Nel settore civile le competenze sono ben 55. Si va dagli interventi a tutela dei minori in condizioni di disagio a sostituire i genitori che non sono in grado di accudire i figli, dall'adottabilità ai matrimoni tra minori e ai figli che ne nascono. In città come Roma e Milano, ciascun giudice tratta ogni anno circa 600 fascicoli. Nel civile a lavorare sui ragazzi sono i servizi dei comuni, e non tutti garantiscono lo stesso standard qualitativo. Il punto è che i servizi sono oberati di lavoro. Tranne qualche eccezione a macchia di leopardo, la situazione in Italia non è florida. Pochi operatori, spesso con contratto a tempo determinato, devono spartirsi ampie fette di territorio dividendosi tra l'anziano depresso e il bambino a rischio. Il risultato è che i servizi, al di là dell'impegno dei singoli, non ce la fanno a coprire tutto con uguale professionalità e celerità.
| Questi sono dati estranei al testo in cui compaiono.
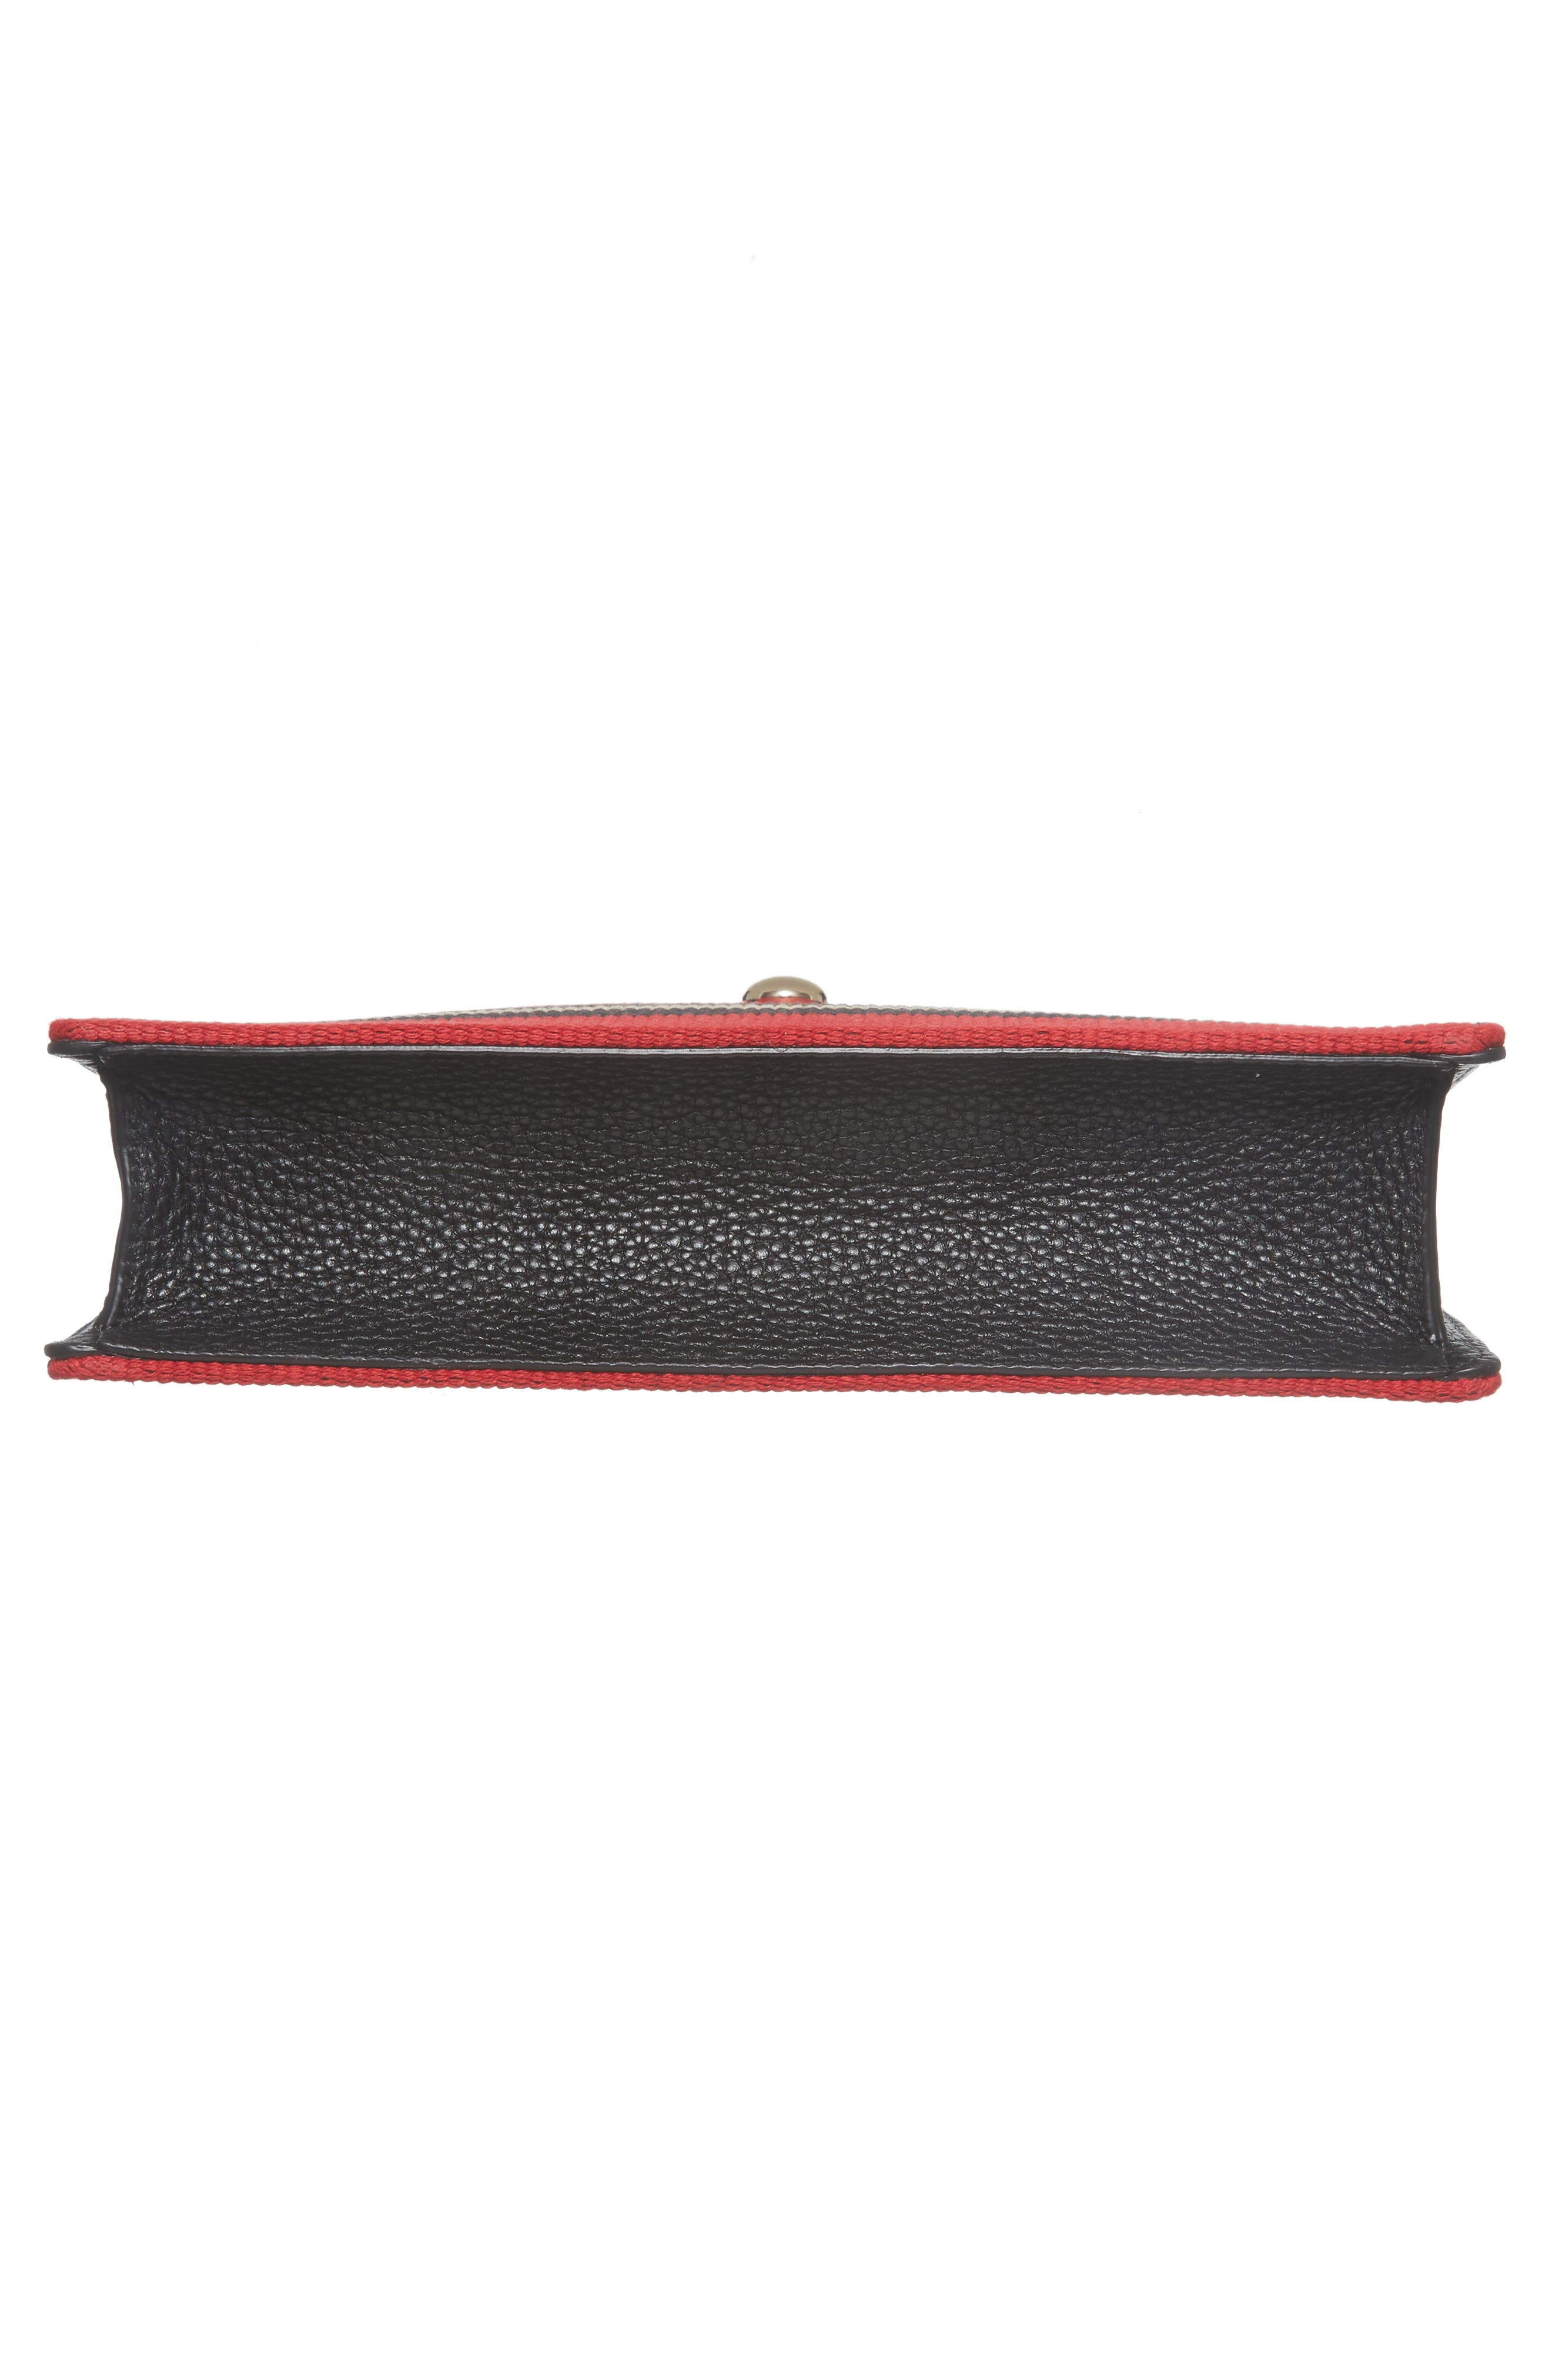 steward street clarise grosgrain stripe shoulder bag,                             Alternate thumbnail 6, color,                             600

E quando questo riguarda i minori, un'errata analisi aggiunge danno a danno.
«Si parla tanto dei diritti di minori — spiega Piercarlo Pazè, 20 anni di magistratura minorile, direttore di rivista
Minori giustizia — ma tra il dire e il fare ce ne passa. I minori avrebbero bisogno di strutture dedicate, ma spesso i servizi devono occuparsi dell'emergenza». Franco Occhiogrosso, presidente del tribunale per i minori di Bari e del Centro di documentazione e analisi infanzia e adolescenza, dice che «è necessario un rapporto con servizi qualitativamente alti. Da Roma in giù sono inadeguati e insufficienti, percepiti più come controllori e ladri di bambini che come sostegno e aiuto».
Se «a Milano c'è il problema delle babygang, in Campania e al Sud c'è quello delle associazioni mafiose che assoldano i minori. Occorrono progetti mirati », spiega Paolo Giannino, presidente del tribunale per i minorenni di Salerno, il cui ufficio modello è stato premiato dal ministero della giustizia per aver realizzato 12 percorsi lavorativi, compresa l'apertura ai ragazzi di una biblioteca con 2.000 accessi l'anno.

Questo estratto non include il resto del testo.